# DIY: Homemade Foam Gun :)



## Boost Logic (May 25, 2008)

So I know many of you have probably taken the spare change to buy yourselves a nice foam gun, especially if you have a black or dark colored car to minimize having to rub any type of rag or cloth on the car. ( at least I hope you have ). They're a few of us, such as my self, that do not have a $100 or so to spare on a foam gun while attending college full time ( and commuting 100 miles r.t ). Enough rambling now, basically I decided that I want to do my best to minimize swirl marks on my 2012 *Deep Black Metallic* Gti. So I figured my best bet would be to figure out a way to make a cheaper and still sufficiently working foam gun. My hunt lead me to the gardening section of Walmart where I ended up purchasing a Chameleon (brand) adaptable hose sprayer for a garden hose. I figure these are mostly use for spraying plants with pesticides and what not, but I really didn't think that it would actually work as a foam gun for my car. The total for the Sprayer was *$9.94*. I came back home, gave it a thorough cleaning and mixed a Meguiars car shampoo solution, diluted with a decent amount of water just to give it a quick run through. Well upon first pulling on the trigger, a nice stream of soapy water came out and I was thoroughly pleased with the performance of the sprayer. For bigger cars it may need to be refilled a few times with the soap solution, or a foam solution; should happen that you would have some. For me, a full bottle did the trick and then some. :thumbup::thumbup:

*Now let me remind you that my car was washed the day before and already pretty clean, So I can't really judge the effectiveness of the sprayer at this moment. But I can tell you that for a quick spray and rinse job on simply a dusty car, that this will be very effective for me in the upcoming summer months. 

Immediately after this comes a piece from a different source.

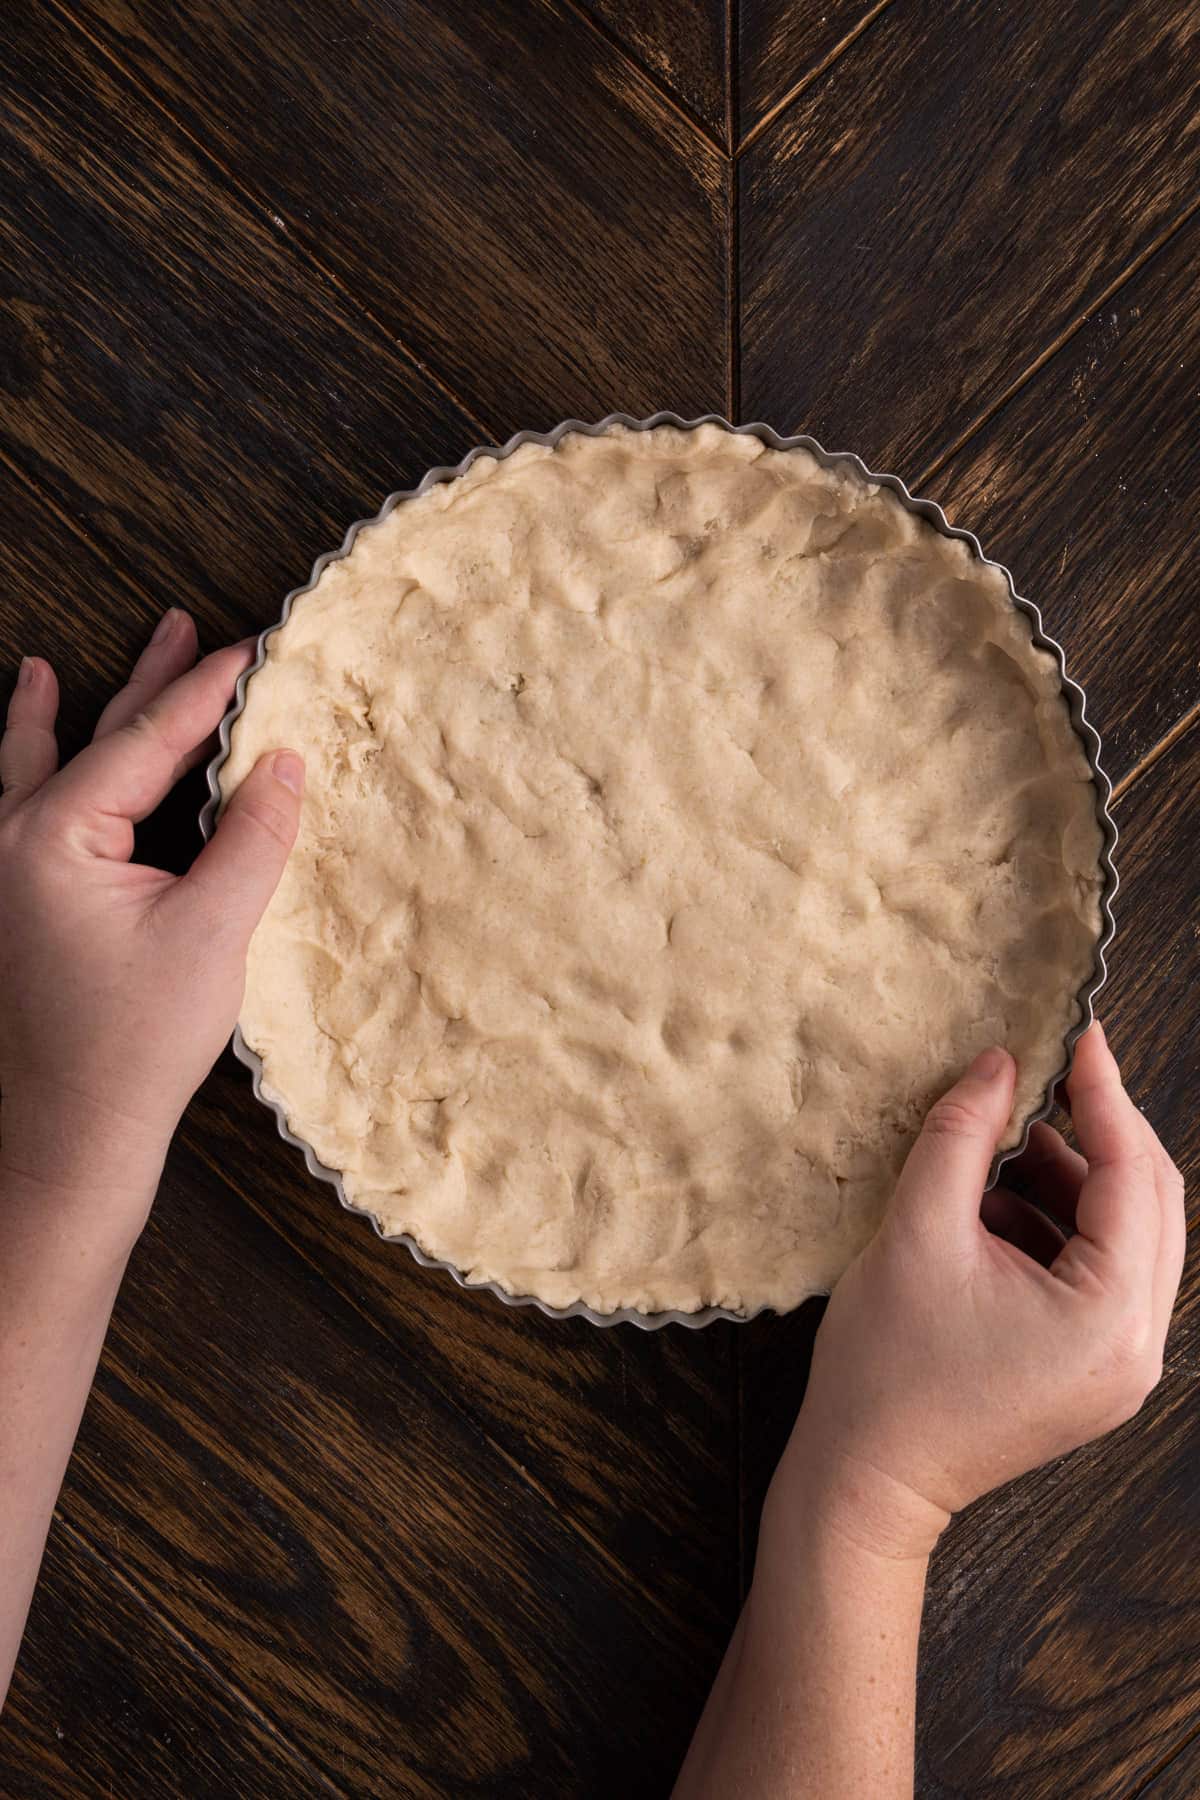 Using clean hands to push quiche crust dough into dish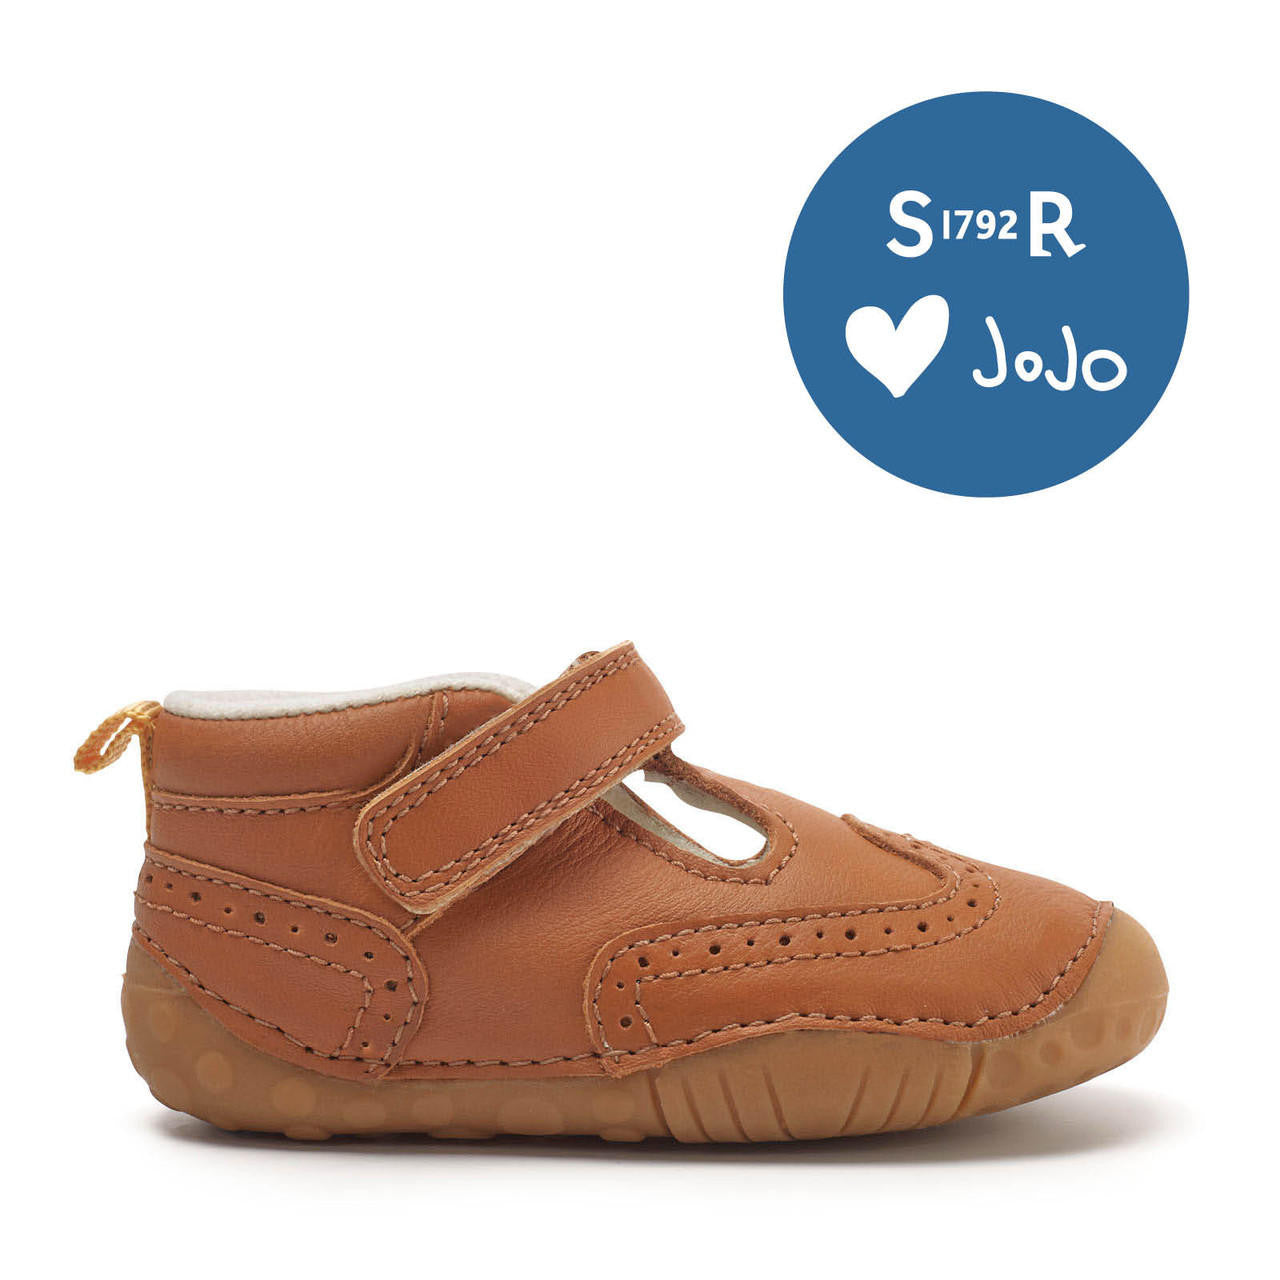 A boys T-Bar pre-walker by Start-Rite + JoJo Maman Bebe, style Share,in tan leather with brogue detail and toe bumper. Velcro fastening. Right side view.

I just wanted to share my experience with you guys in case any of you were possibly considering the same. I am open to comments and criticism and anything in between :laugh::thumbup: Hopefully this has been helpful to some.

After washing my car in the series of pictures below, I also made my first attempt at sheeting with no nozzle on the hose, and I must say I am very pleased with the results. 

Pictures below: :wave:


----------



## Jesstzn (Apr 21, 2003)

I did a DIY a while back 


http://acurazine.com/forums/showthread.php?t=773821


----------



## TheLateGTI (Apr 17, 2008)

THANK YOU THANK YOU THANK YOU THANK YOU THANK YOU

You sir have one hella clean GTI.....never seen one in pictures that reflective

:beer: Job well done

Let us know when the car is really dirty!


----------



## quinntendopower1 (Nov 20, 2003)

did you figure out the ratio of the meg's to water?


----------



## 10-25 (Mar 16, 2012)

Boost Logic said:


> . They're a few of us, such as my self, that do not have a $100 or so to spare on a foam gun while attending college full time ( and commuting 100 miles r.t ).


But you have enough to buy bags? :facepalm:


----------



## Boost Logic (May 25, 2008)

10-25 said:


> But you have enough to buy bags? :facepalm:


Relevance of this post to the present date, no I was in class full time. I'm sorry I only have to work a few months to make more than you pull in a quarter. Must suck to probably be a lot older than me and have less than I do...


----------



## TheLateGTI (Apr 17, 2008)

quinntendopower1 said:


> did you figure out the ratio of the meg's to water?


a good ratio that I have been using is 20% megs and 80% water.....have it set to use the product a quarter of the way and should last for multiple washes


----------



## Broshi (May 22, 2011)

Bought it.
Tried it.
Was average.

I have not seen an actual foam gun used in action so I can't really gauge if this does a good job or not, but I can say that it covers the car fairly well so for $10... :thumbup:

Currently using the 2oz selection just to put it on a little heavier. What setting are you using again?


----------



## 10-25 (Mar 16, 2012)

Boost Logic said:


> Relevance of this post to the present date, no I was in class full time. I'm sorry I only have to work a few months to make more than you pull in a quarter. Must suck to probably be a lot older than me and have less than I do...


Lots of (wrong) accusations made there....must be lacking in areas.

If you made more than I do then you'd have Bi-xenon's :facepalm:


----------



## Boost Logic (May 25, 2008)

10-25 said:


> Lots of (wrong) accusations made there....must be lacking in areas.
> 
> If you made more than I do then you'd have Bi-xenon's :facepalm:


If I wouldn't have done an air build, I'd have bi-xenons and a bigger turbo. Decided to take a different route however, my mkv r32 had a lot more than that my gti ever will so believe me I know what I'm missing.


----------